Ocean Currents » alaska drilling http://blog.oceanconservancy.org News, opinions, photos and facts from Ocean Conservancy Fri, 21 Apr 2017 20:52:17 +0000 en-US hourly 1 http://wordpress.org/?v=3.4.2 Shell Gives Up on Arctic Oil in 2012 After Latest Failure http://blog.oceanconservancy.org/2012/09/17/shell-gives-up-on-oil-in-2012-after-latest-failure/ http://blog.oceanconservancy.org/2012/09/17/shell-gives-up-on-oil-in-2012-after-latest-failure/#comments Mon, 17 Sep 2012 20:33:46 +0000 Andrew Hartsig http://blog.oceanconservancy.org/?p=2992

Credit: Photolink

Yesterday, Shell admitted what we’ve known all along: the company is just not ready to drill for oil in the Arctic Ocean.
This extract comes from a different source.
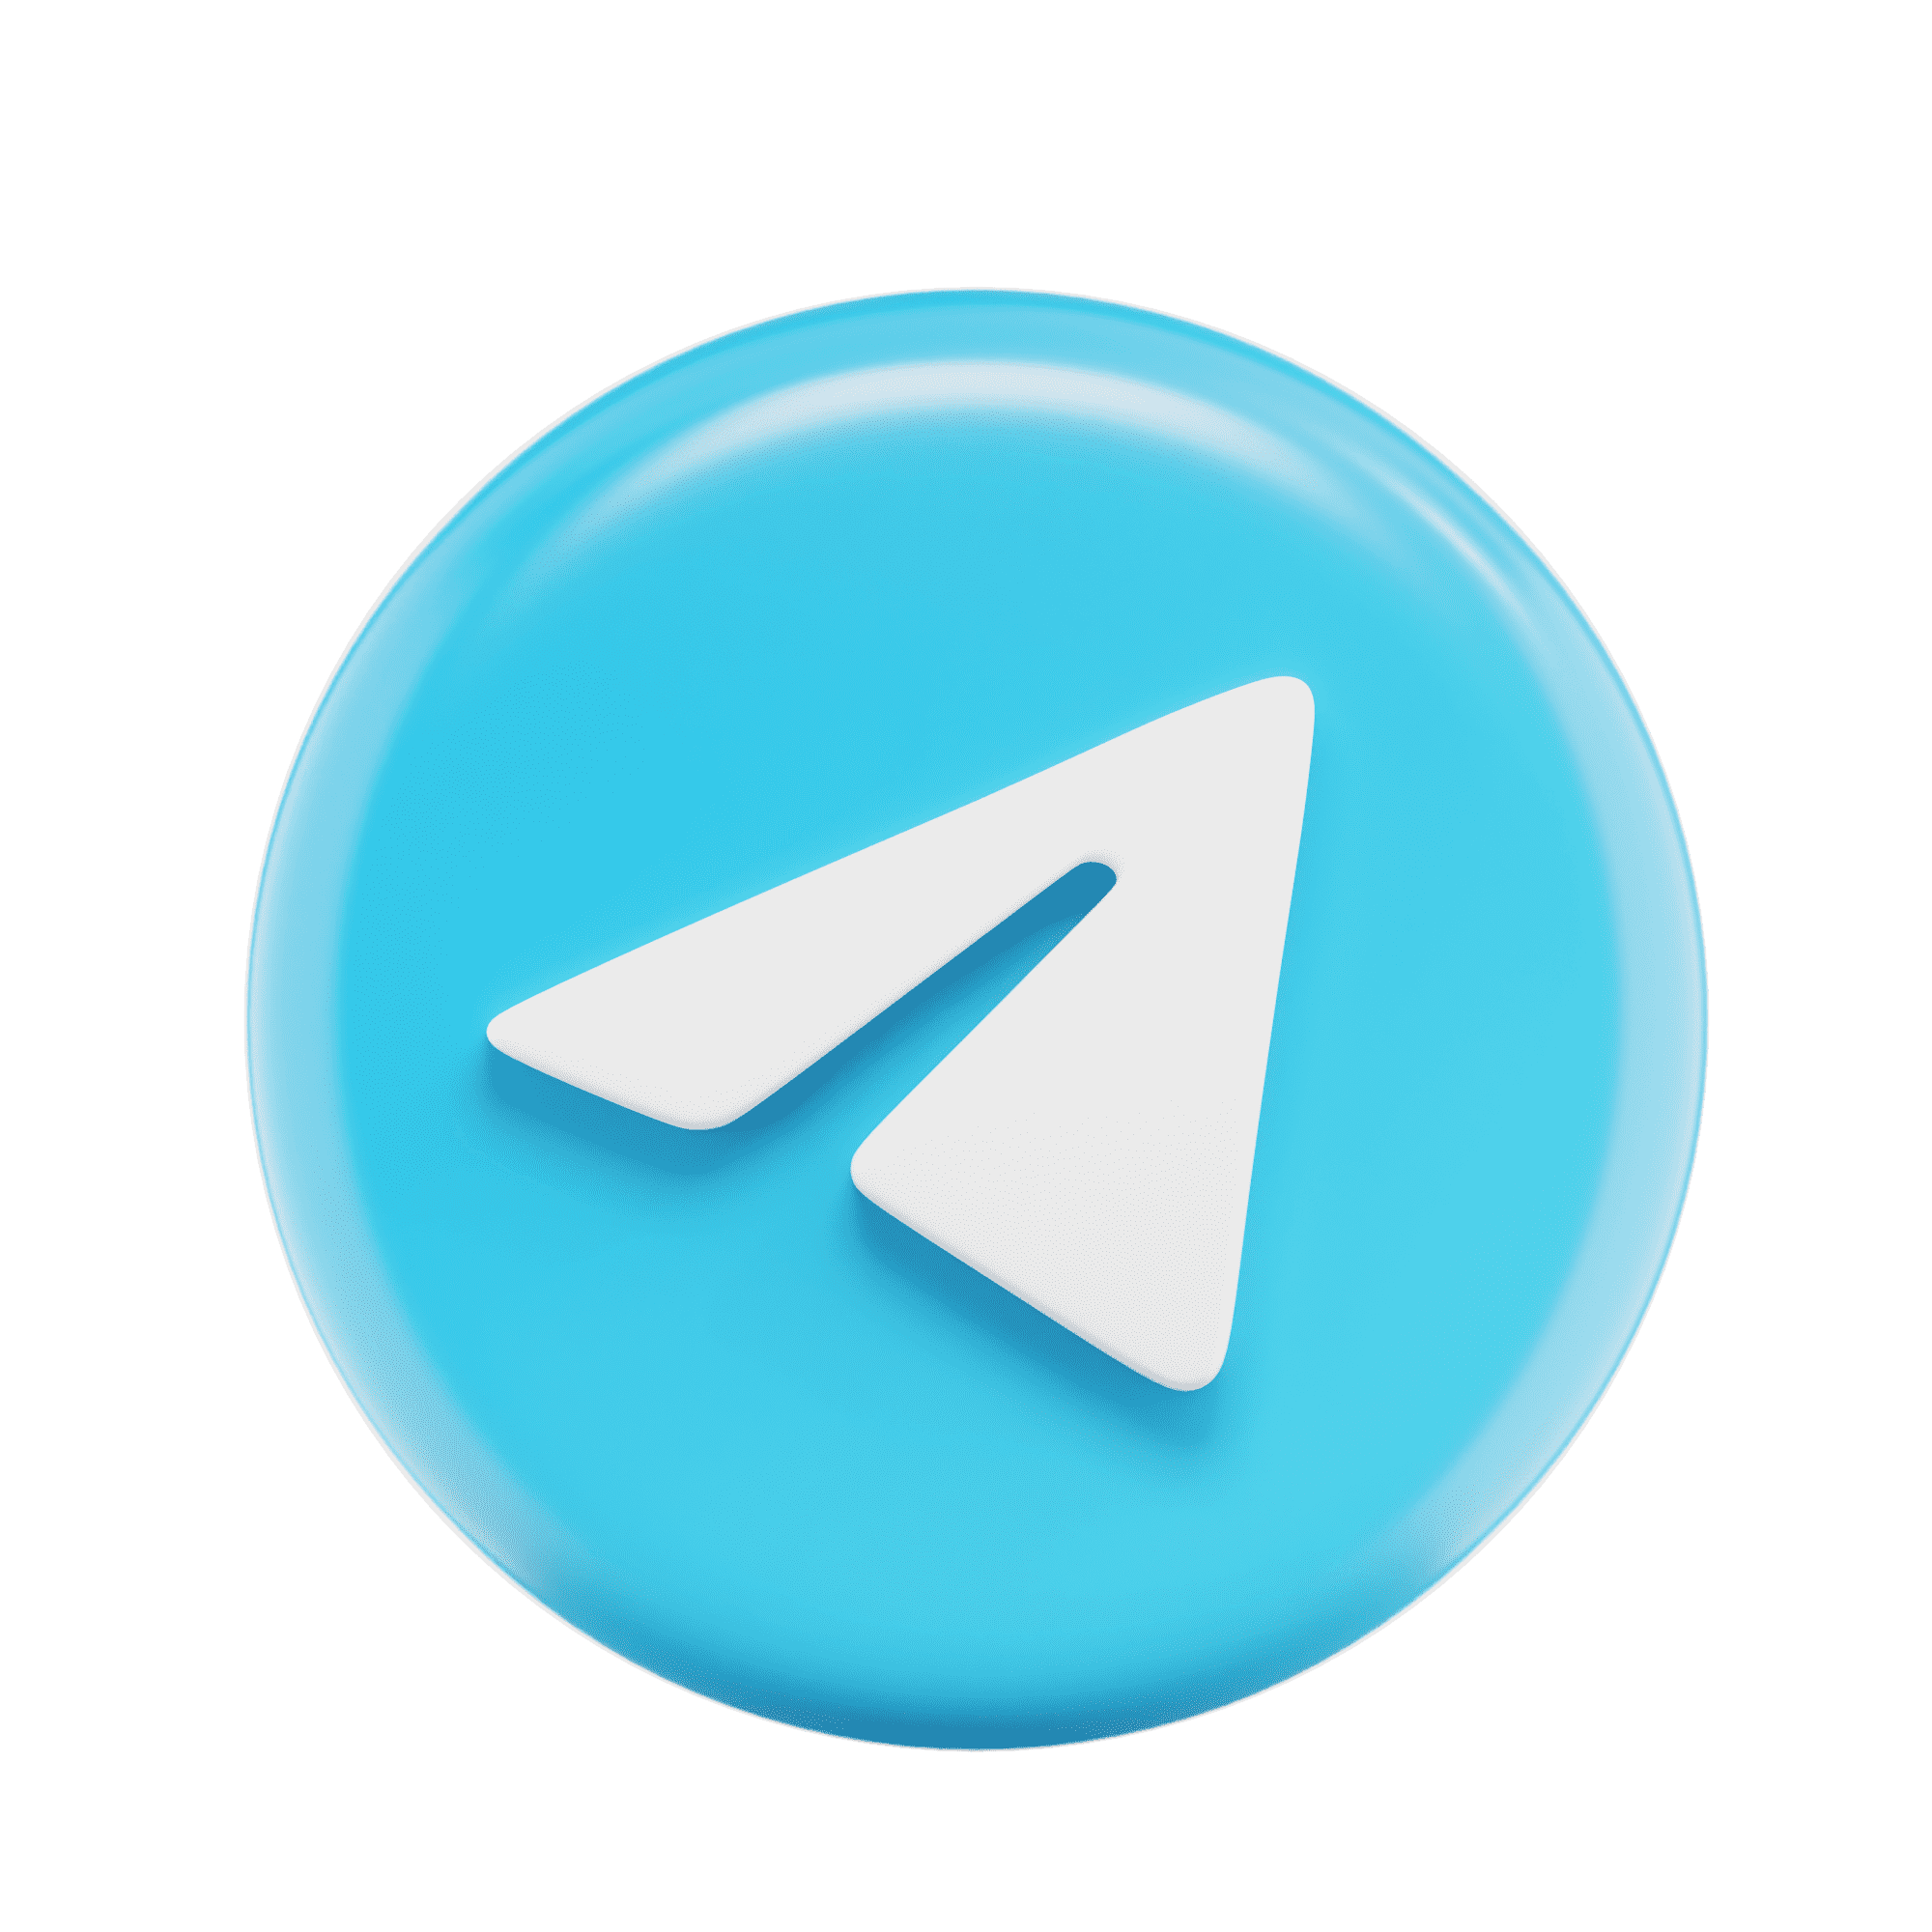 دانلود آیکون Telegram بدون پس زمینه با طراحی جالب

This past weekend, a failed test of Shell’s oil spill containment system resulted in damage to the dome designed to contain oil in the event of a spill. In light of the damage to the containment dome, Shell announced that it was abandoning its plans to drill into oil-bearing layers in the Arctic Ocean this summer. The company said its drilling operations in the Arctic Ocean this summer would be limited to “top holes”—initial sections of wells that do not penetrate into known oil-bearing layers.

According to one media report, trouble with the containment dome started when one of the dome’s winches failed to operate correctly. Engineers sent a subsea remotely operated vehicle to investigate the problem. The ROV tangled in the anchor lines of the containment dome, causing the dome to sink into the silt on the ocean floor. As a result of the incident, the dome suffered an undisclosed amount of damage.
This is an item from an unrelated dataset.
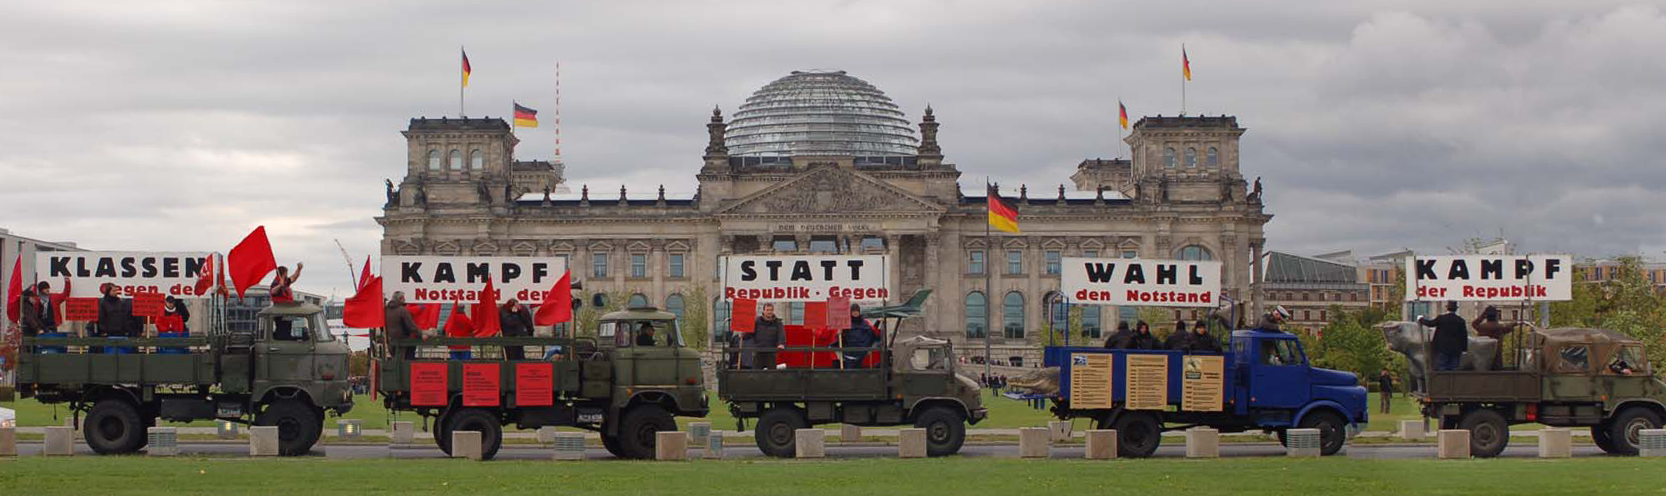 Aktionszug vor dem Reichstag

The containment dome failure is just the latest in a series of setbacks that have plagued Shell throughout the summer:

• Earlier this summer, Shell changed its story about its ability to clean up oil spilled in the Arctic Ocean. Portions of Shell’s oil spill response plan assume Shell would be able to clean up 90 percent of the oil released in a worst-case spill in the Arctic—even though actual recovery rates rarely exceed 20 percent even in the best of conditions. In the face of questions about its capacity to recover spilled oil, the company backpedaled, saying that it would only “encounter” 90 percent of spilled oil.
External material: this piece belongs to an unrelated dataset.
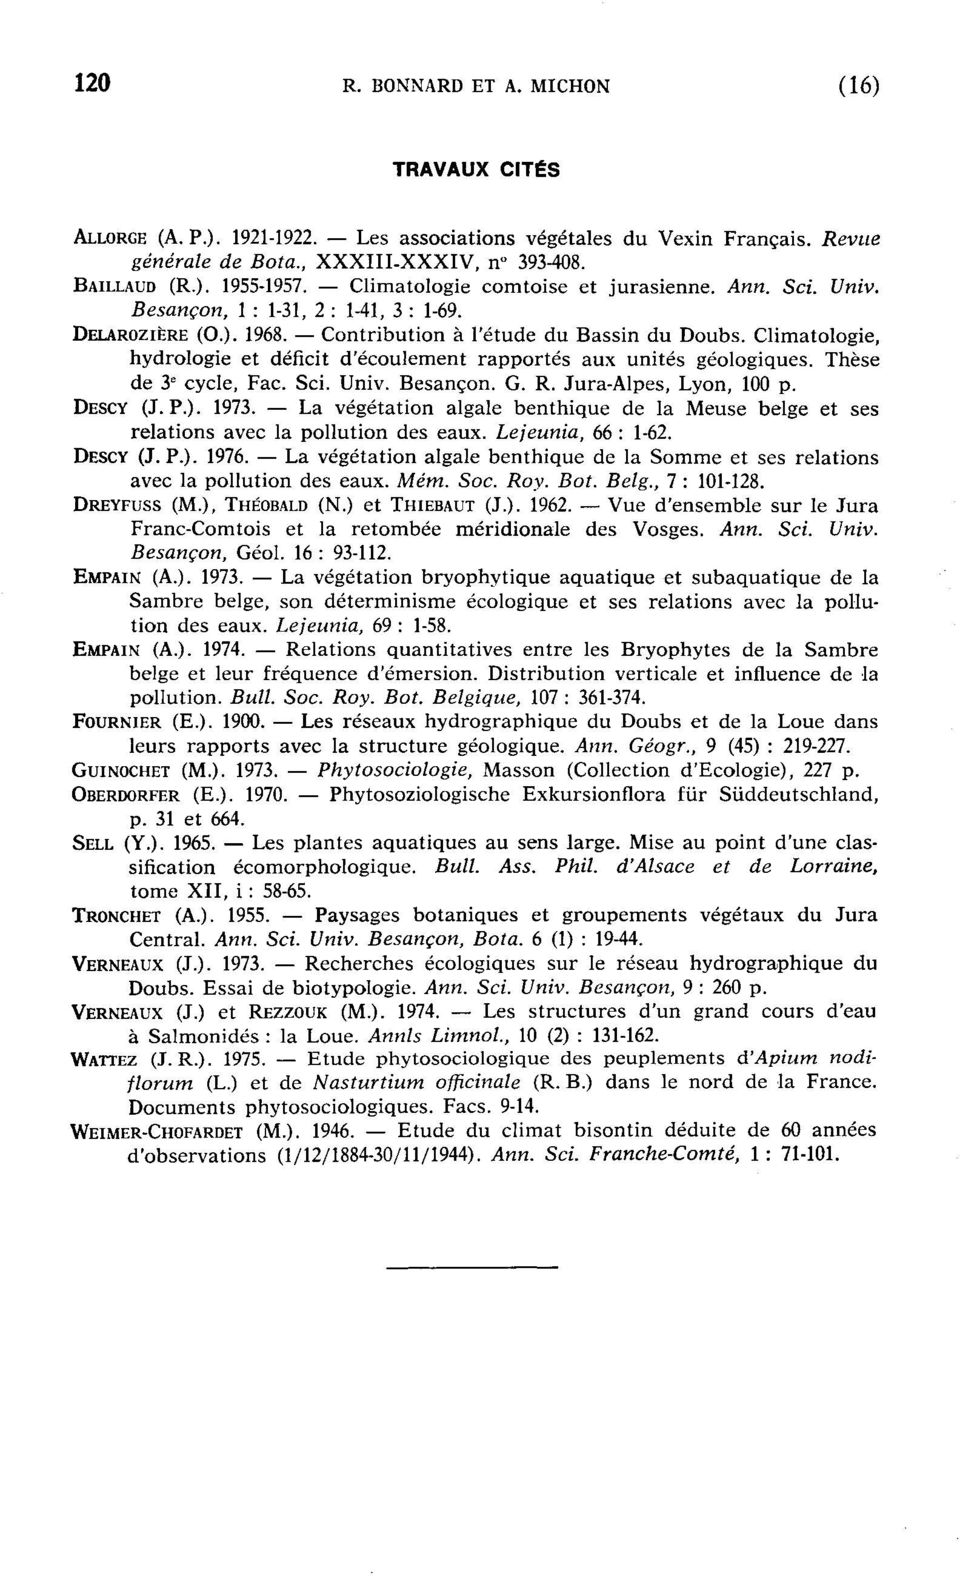 Climatlgie, hydrlgie et déficit d'éculement rapprtés aux unités gélgiques. Thèse de 3 e cycle, Fac. Sci. Univ. Besançn. G. R. Jura-Alpes, Lyn, 100 p. DESCY (J. P.). 1973.

Credit: Damian Gadal flickr stream

• Around the same time it was changing its story about oil spill recovery, Shell admitted that one of its drillships—the Noble Discoverer—would not be able to meet air pollution standards set forth in EPA permits. The oil company was forced to seek a waiver from EPA to allow the drillship to emit additional pollution. EPA granted Shell’s request for a waiver a few weeks ago.

• In July, the Noble Discoverer nearly ran aground in relatively protected waters near Dutch Harbor, Alaska. The incident raised questions about Shell’s ability to operate safely in more challenging conditions further north.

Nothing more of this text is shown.